In the presence of row locks and table locks, a transaction to add a table X lock, need to check whether there is other issues on the table added a lock or a row of the table to add the lock, and each row of the table is for testing once it is very inefficient, in order to solve this problem, realize the multi-granularity locking mechanism, InnoDB has two kind of internal use intent locks, Both types of intent locks are table locks.

  • Intentional shared lock: IS lock for short. A transaction must obtain an IS lock on a table before it intends to share a lock on a row.
  • Intentional exclusive lock: referred to as IX lock, a transaction must acquire an IX lock on the table before it intends to lock rows exclusively.

With intent locks, a transaction that wants to lock X on a table simply checks to see if any other transactions have X/IX/S/IS locks on the table.

The compatibility of locks is as follows:

INnoDB locks rows by locking index entries on indexes. If there is no index, INnoDB locks records by hiding clustered indexes.

There are three types of InnoDB row locks:

  • Record Lock: Locks an index entry
  • Grap Lock: Locks “gaps” between indexes, before the first entry, or after the last entry.
  • Next-key lock: combination of the first two to lock the record and the gap in front of it.

InnoDB row locks: If data is not retrieved by index criteria, InnoDB will lock all records in the table, which has the same effect as table locks.

MVCC does not solve the phantom problem; at repeatable read isolation levels, the phantom problem is solved using MVCC+ next-key Locks.

What are optimistic and pessimistic database locks and how to implement them?

Optimistic locking: The system assumes that data updates will not cause conflicts most of the time, so the database detects conflicts only when the update operation is committed. If a conflict exists, the update fails.

Optimistic lock is generally implemented by version number and CAS algorithm.

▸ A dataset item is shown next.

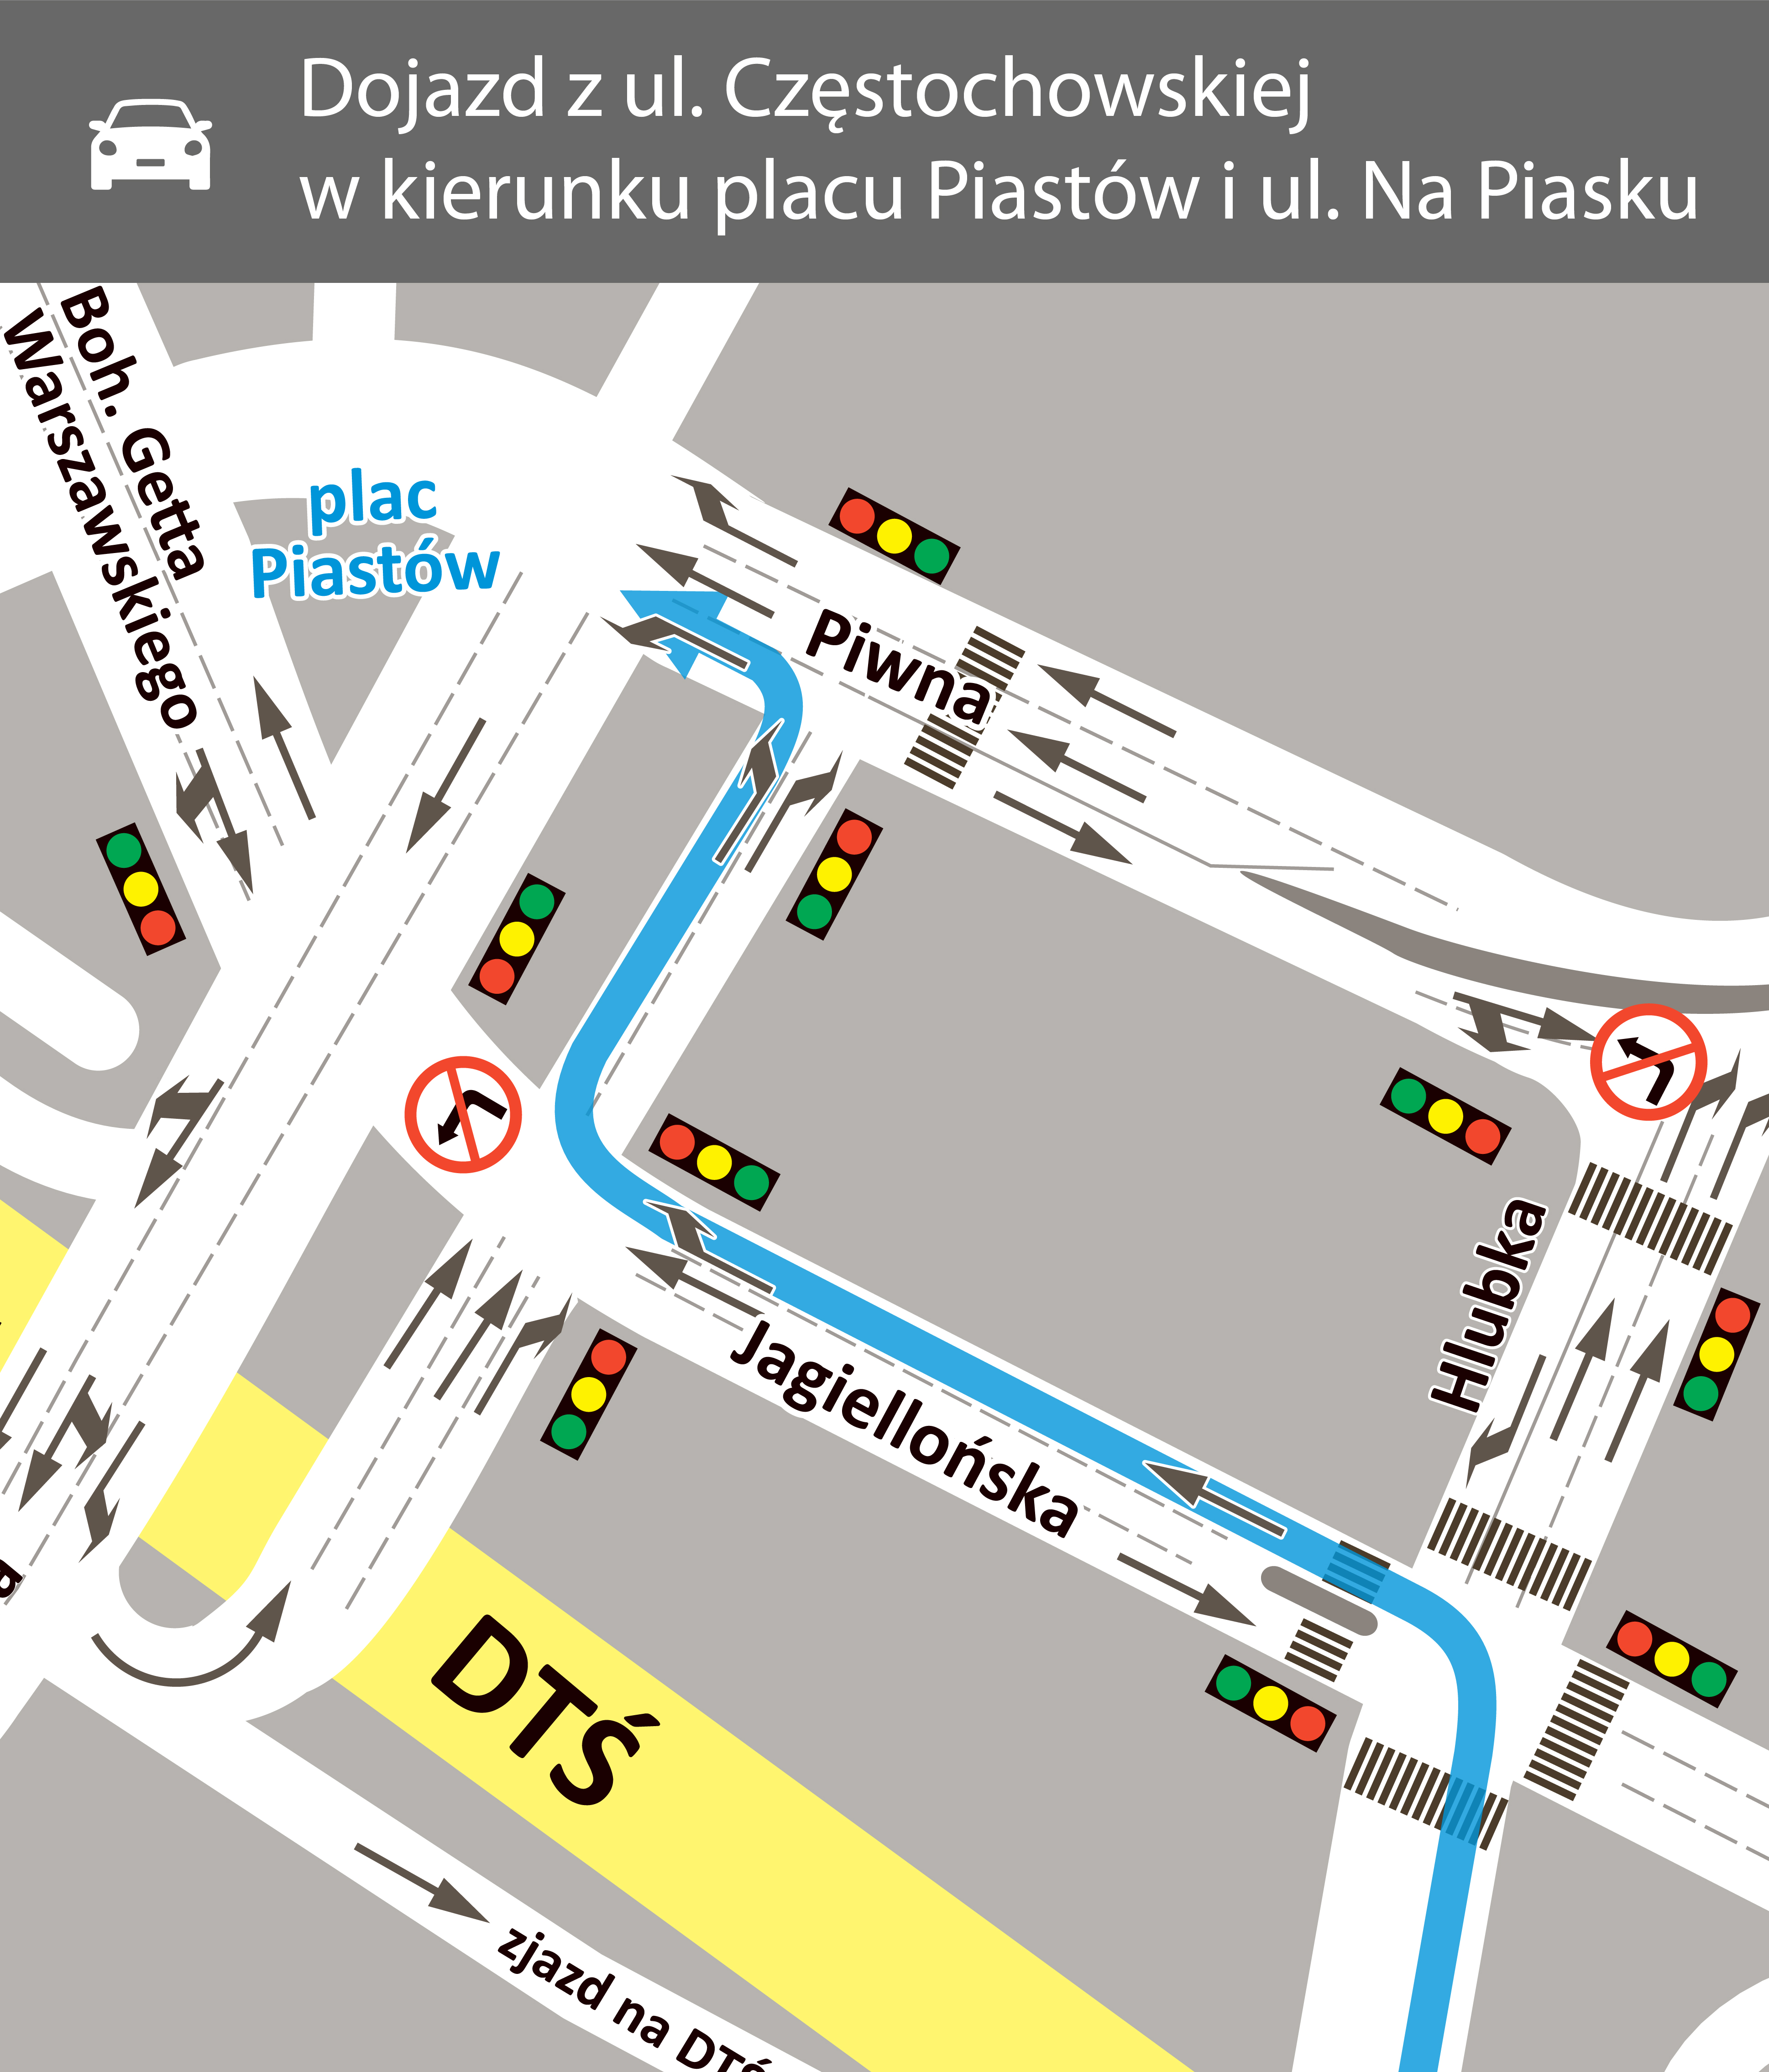 Dojazd z ulicy Częstochowskiej do placu Piastów

Pessimistic locking: Shielding all operations that might violate data integrity, assuming concurrency conflicts. Generally speaking, every time you go to retrieve data, you assume that someone else will modify it, so every time you retrieve data, you lock it.

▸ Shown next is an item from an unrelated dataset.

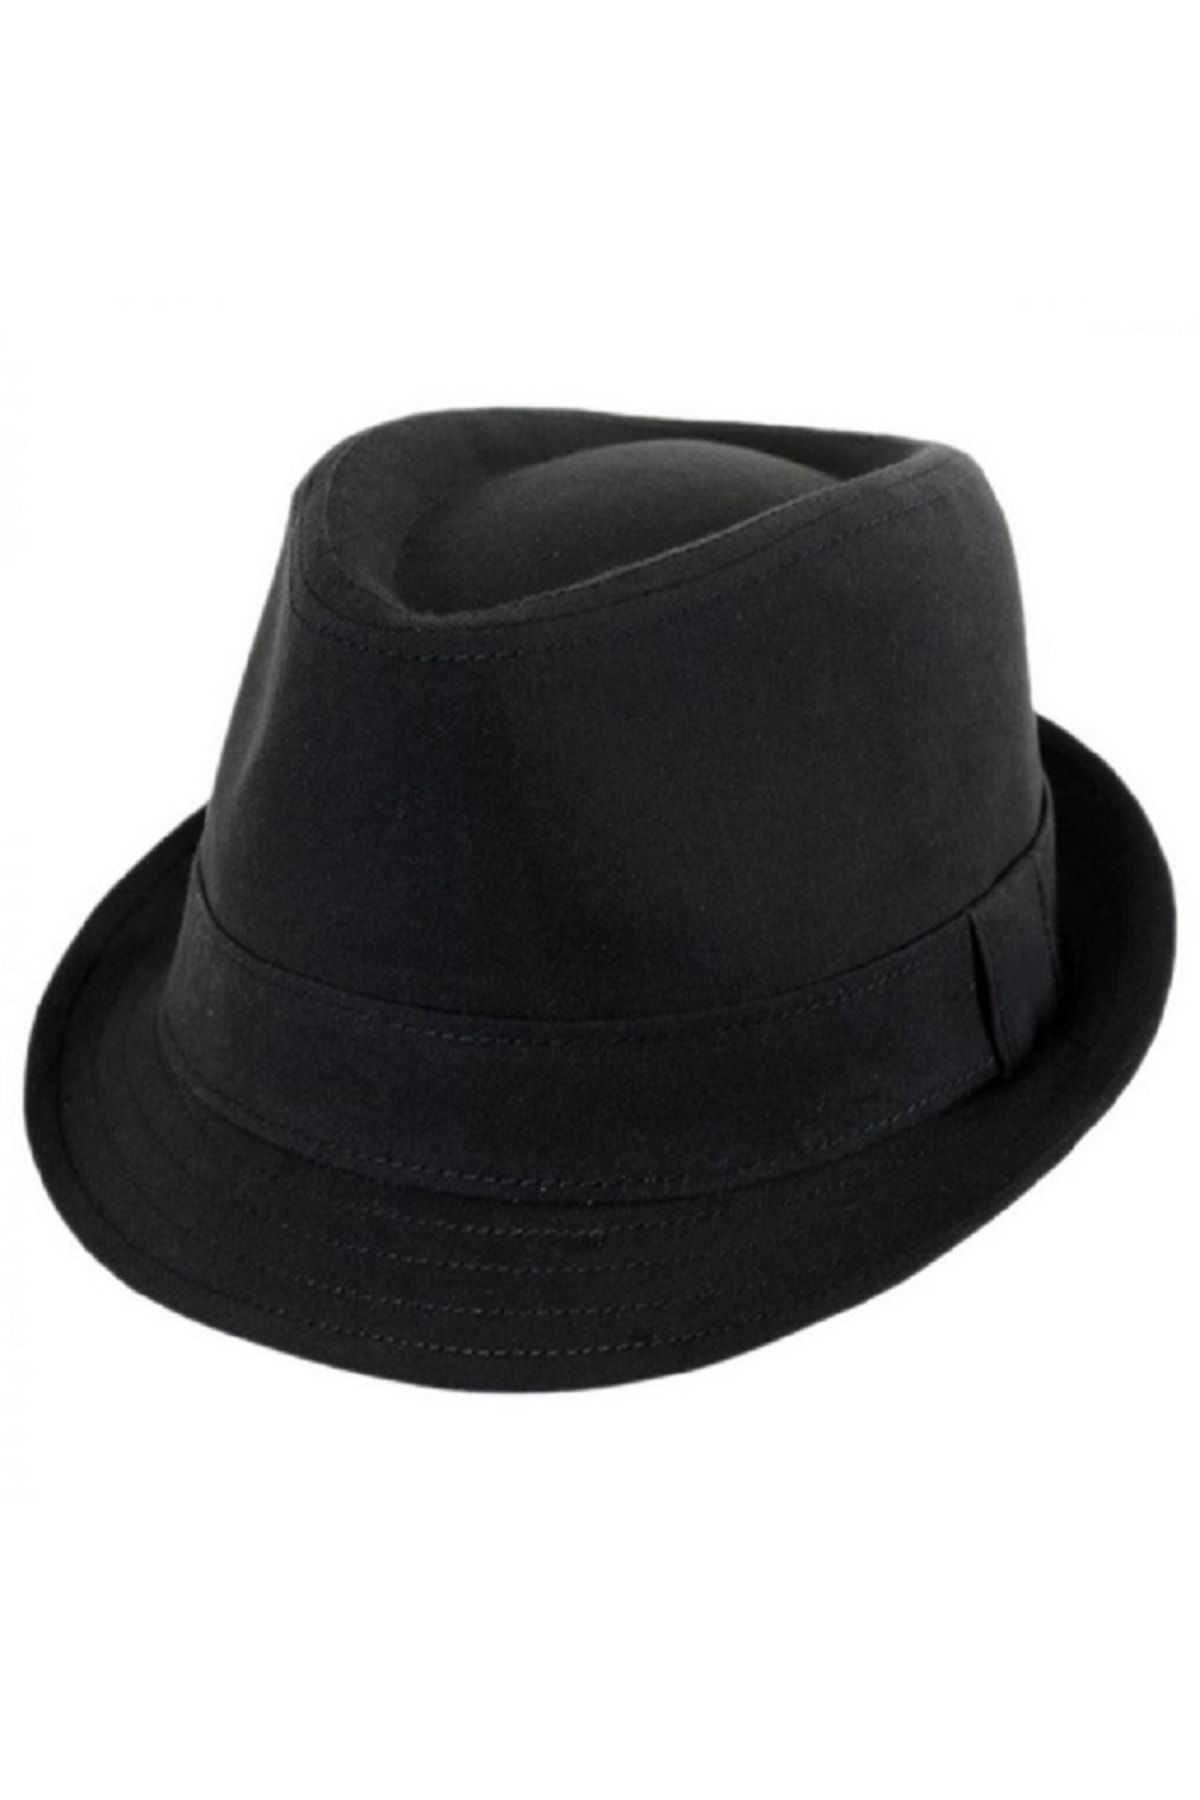 tahtakale marketi Michael Jackson Fötr Şapka Siyah Yetişkin Boy 58cm

Pessimistic lock is implemented by the locking mechanism of the database, adding for updata to the query statement.

What is a deadlock? How to avoid it?

A deadlock is a blockage caused by two or more processes competing for resources or communicating with each other during execution. In MySQL, MyISAM acquires all the locks it needs at once, either satisfy them all or wait, so no deadlocks occur. In The InnoDB storage engine, except for transactions consisting of a single SQL, locks are acquired progressively, so there are deadlocks.

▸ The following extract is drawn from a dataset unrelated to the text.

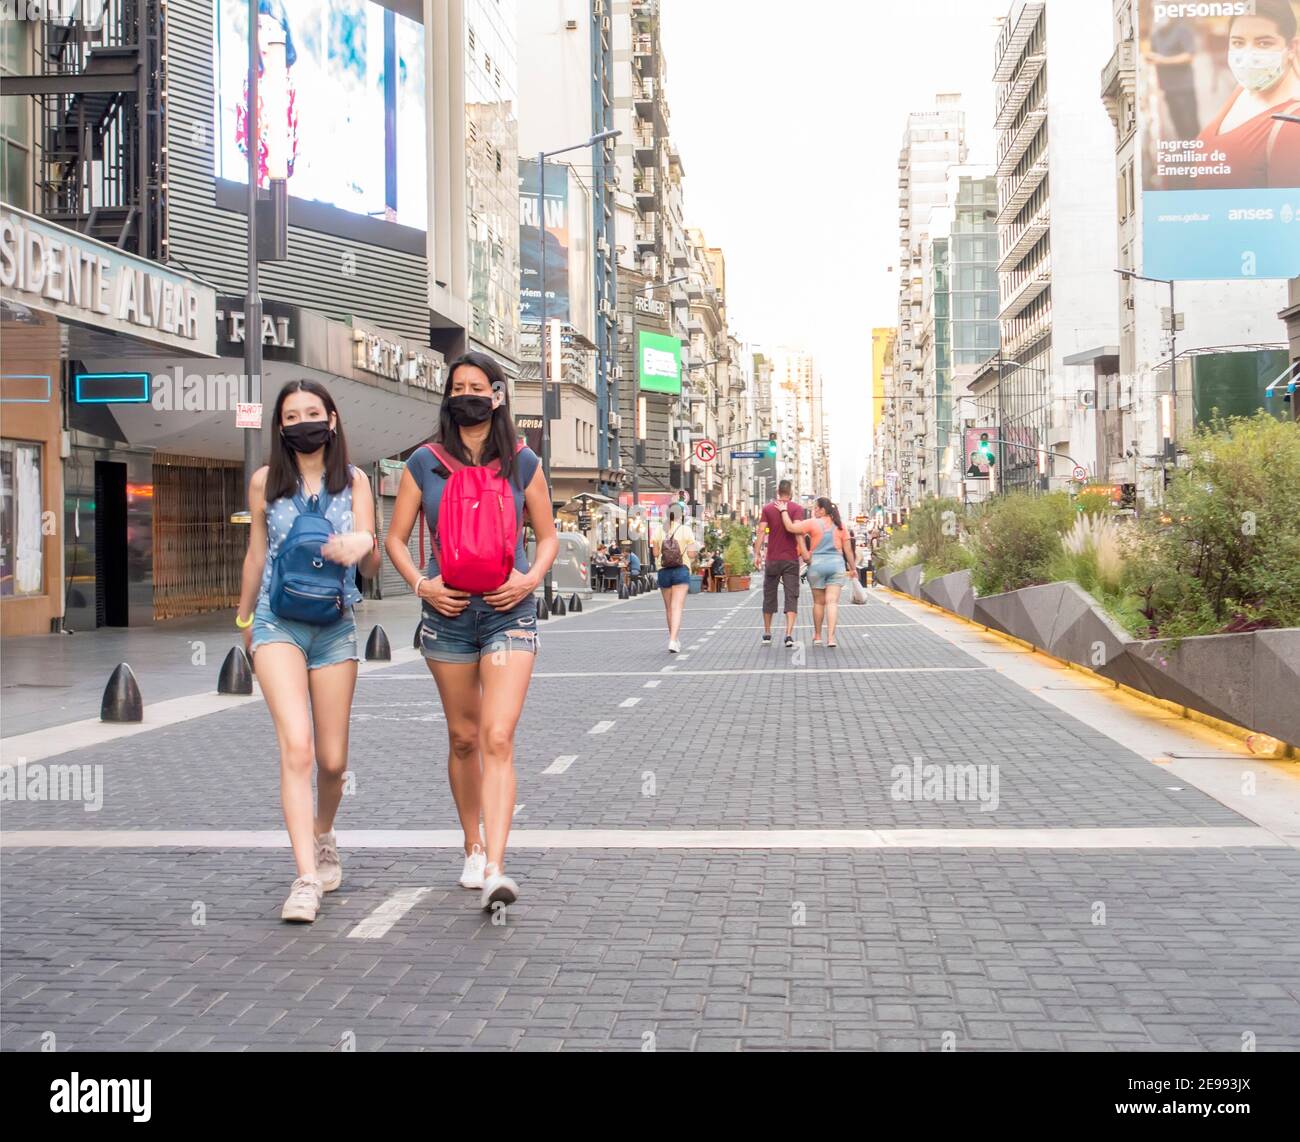 Persone che indossano maschere durante la pandemia Covid 19 a piedi lungo Corrientes Avenue, Buenos Aires, Argentina Foto Stock

MySQL > prevent deadlock or lock conflicts

  • If multiple tables are accessed concurrently by different programs, try to access the tables in the same order.

  • When the program processes data in batches, if the data is sorted, try to ensure that each thread processes records in the same order.

  • In a transaction, if you need to update records, you should directly apply for an exclusive lock of sufficient level, rather than apply for a shared lock first. When you apply for an exclusive lock, other transactions may have already obtained the shared lock of the same record, resulting in lock conflicts or deadlocks.

  • Try to use a low isolation level

  • Try to use indexes to access data to make locking more accurate and thus reduce the chance of lock conflicts

  • The probability of lock conflict is lower for small transactions when the transaction size is properly selected

  • Try to access data with equal conditions to avoid the impact of next-key locks on concurrent inserts.

  • Do not apply for more than the actual need of the lock level, try not to display the lock query

  • For certain transactions, table locks can be used to speed up processing or reduce the probability of deadlocks.